Obviously, this isn’t perfect and you rarely get the *exact* same makeup. But a good research team will do there best to get as close as possible to that.

Anonymous 0 Comments

Hopefully someone can speak to the details of HOW they do it, but I can at least answer the WHAT part of the question. A study is trying to look for how thing A relates to thing B, but there’s usually also things C-Z that relate to A and/or B. Controlling for those things is trying to take them out of the answer as much as possible to isolate just A and B as best they can.

For example, say I did a study to see if owning a dog made you healthier. I might find that people who own dogs take more walks. To see if it’s really the dog making them healthier, I also want to look at people who do those things and don’t have a dog. Correcting for those variables would be looking at whether people that take as many walks as dog owners but don’t have a dog.

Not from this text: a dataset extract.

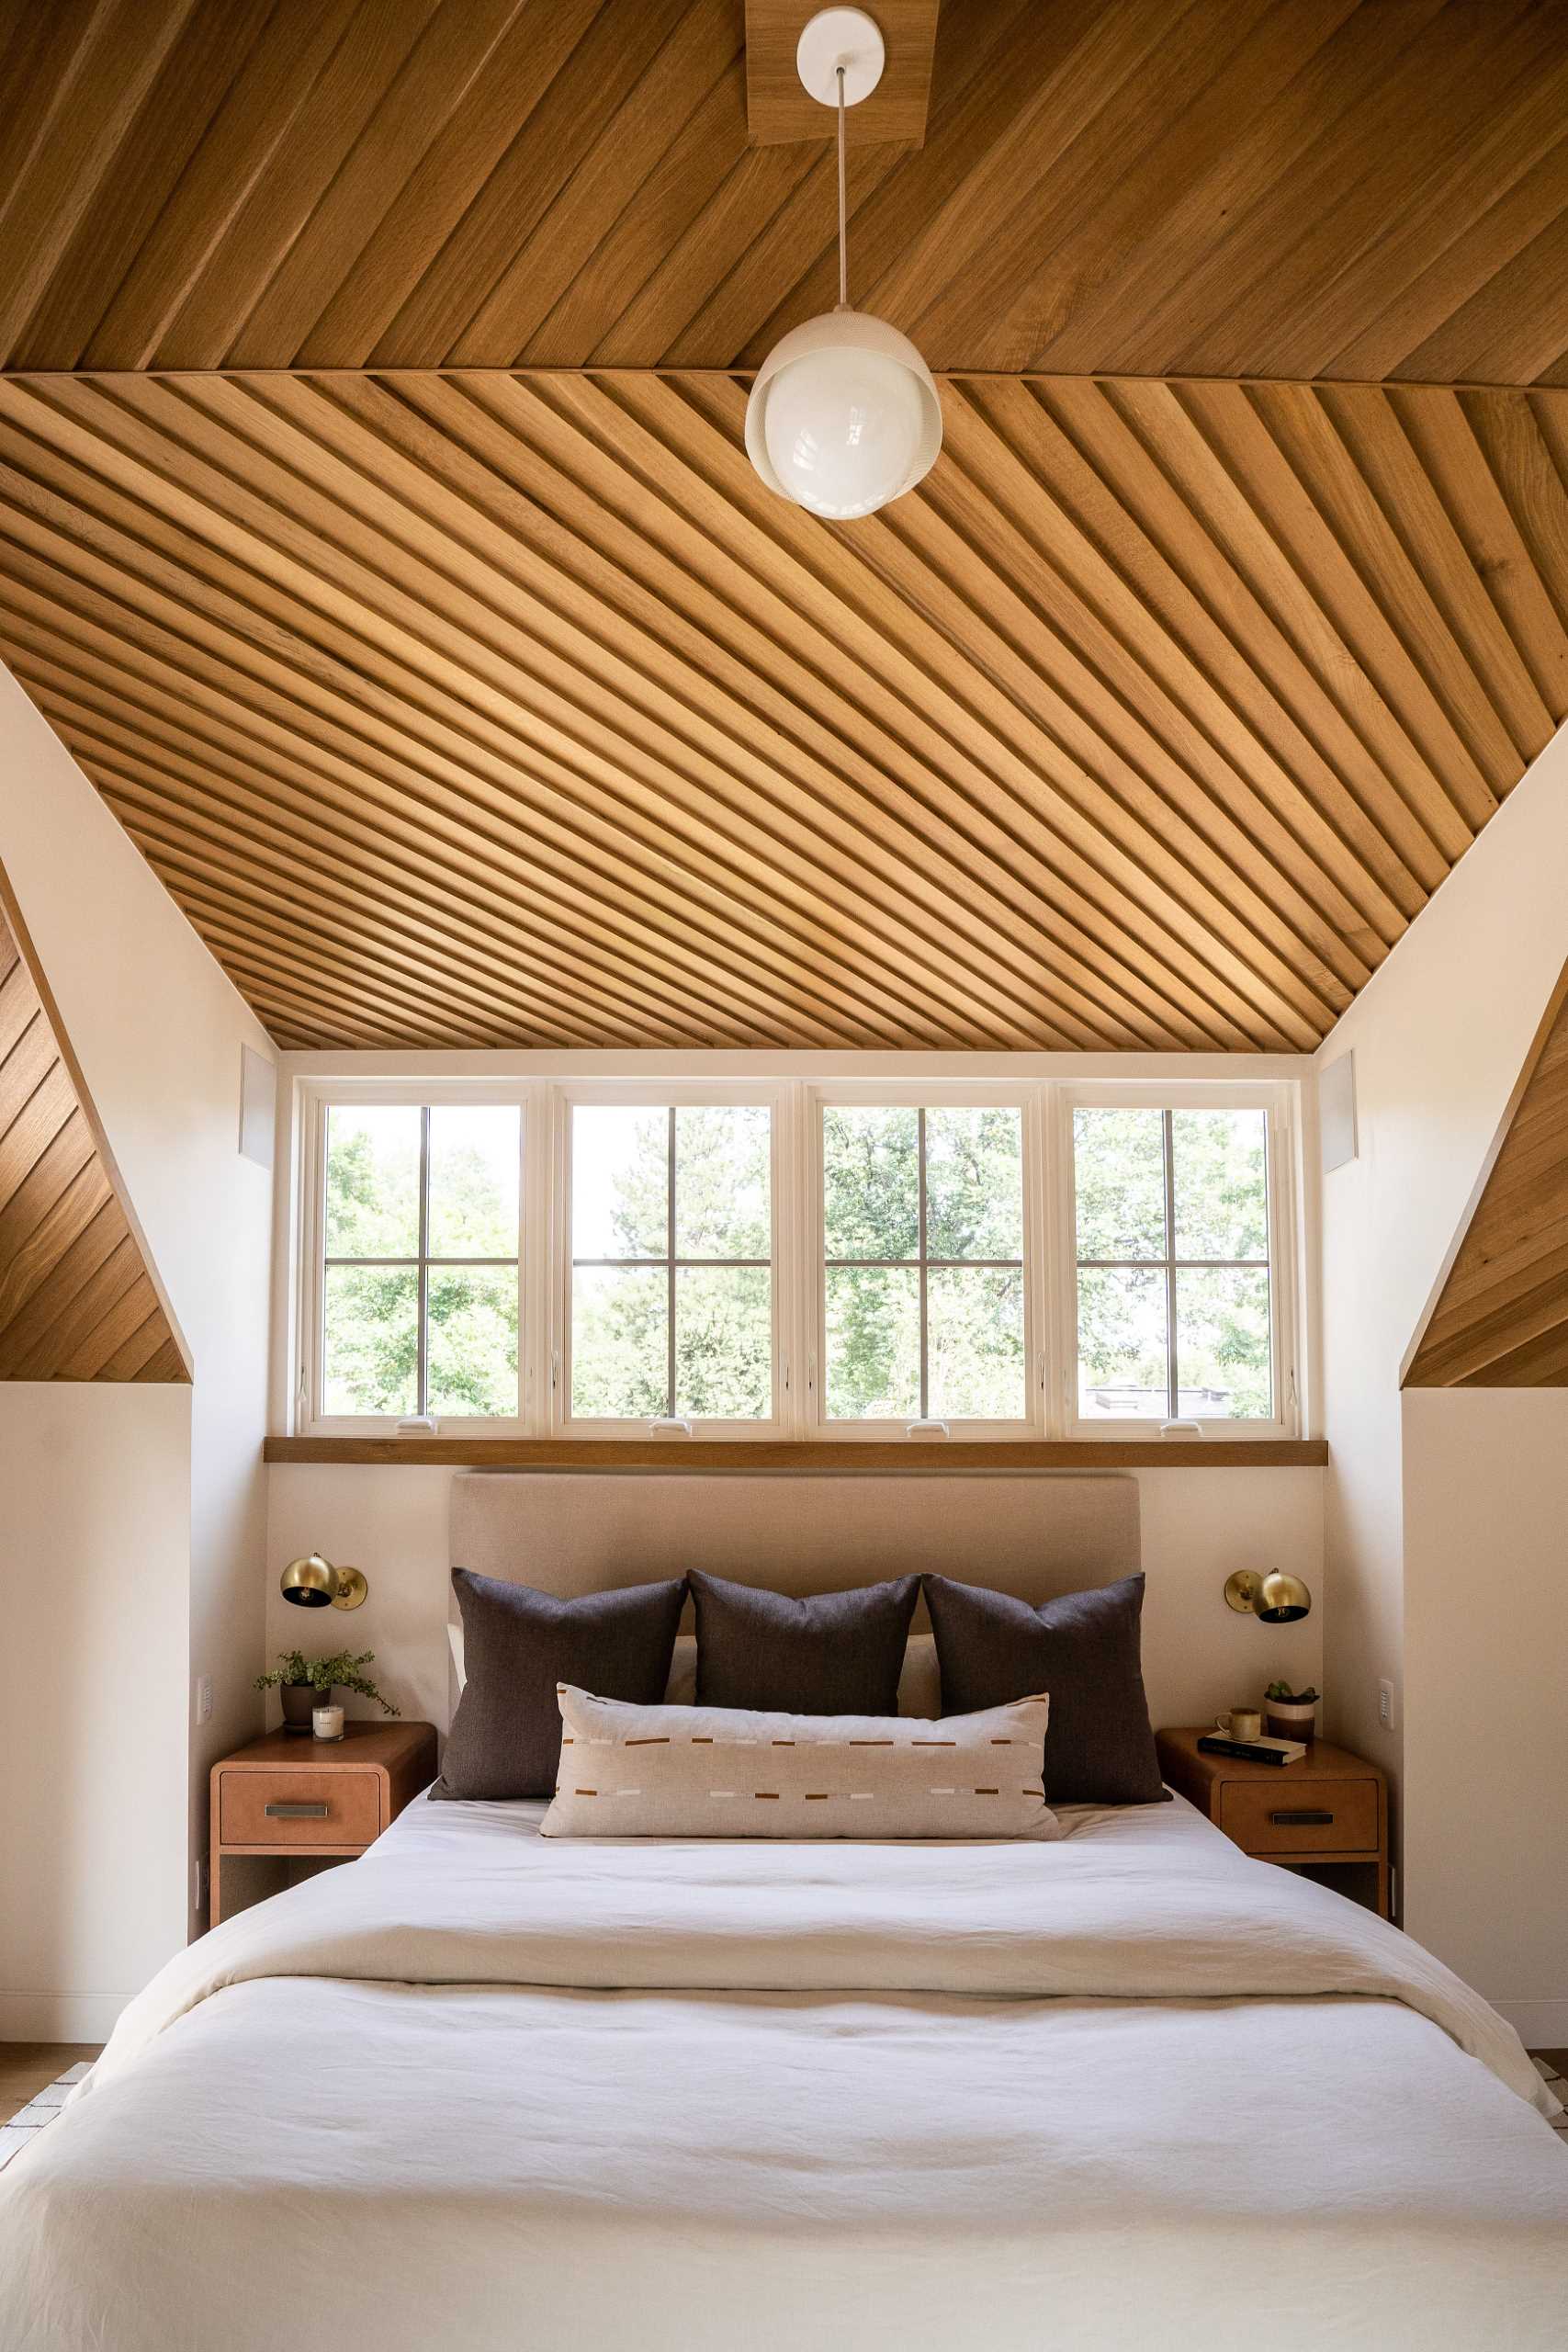 In this main bedroom, the ceiling is composed of lap siding installed at an angle, aligned perfectly at the ridge, while built-in dressers make smart use of the available ،e.

The more variables that you can make the same, the better the chance that it’s your studied variable tied to the studied effect.

Anonymous 0 Comments

You simply include/exclude people of particular categories from the dataset and/or measure the effect on just that group of people.

If you identify a statistically significant difference in outcome between groups, you can mathematically subtract this influence from the origninal result in proportion to the relative size of the smaller group within the whole dataset.

Anonymous 0 Comments

Sometimes you know that a group has a certain advantage, so you can correct for that to “get it out of the way”.

**Dumb example: God decides to bless Alabama by letting everyone in the state live five years longer.** (I’m using numbers from [https://en.wikipedia.org/wiki/List_of_U.S._states_and_territories_by_life_expectancy](https://en.wikipedia.org/wiki/List_of_U.S._states_and_territories_by_life_expectancy) for this.) Alabama’s life expectancy jumps to 80.5.

New Jersey’s life expectancy is also 80.5. An AL person says to a NJ person, “looks like our health care’s just as good as yours”. Can you see what the NJ person’s going to say?

(Quick pause for all the New Jersey jokes.) Probably something like “without those extra 5 years God gave you, you’d be at 75.5, so no, your health care is nowhere near as good”. Subtracting those 5 years off would be called “controlling for God’s favor”, and it means we know God favors you, but we want to look at factors other than that.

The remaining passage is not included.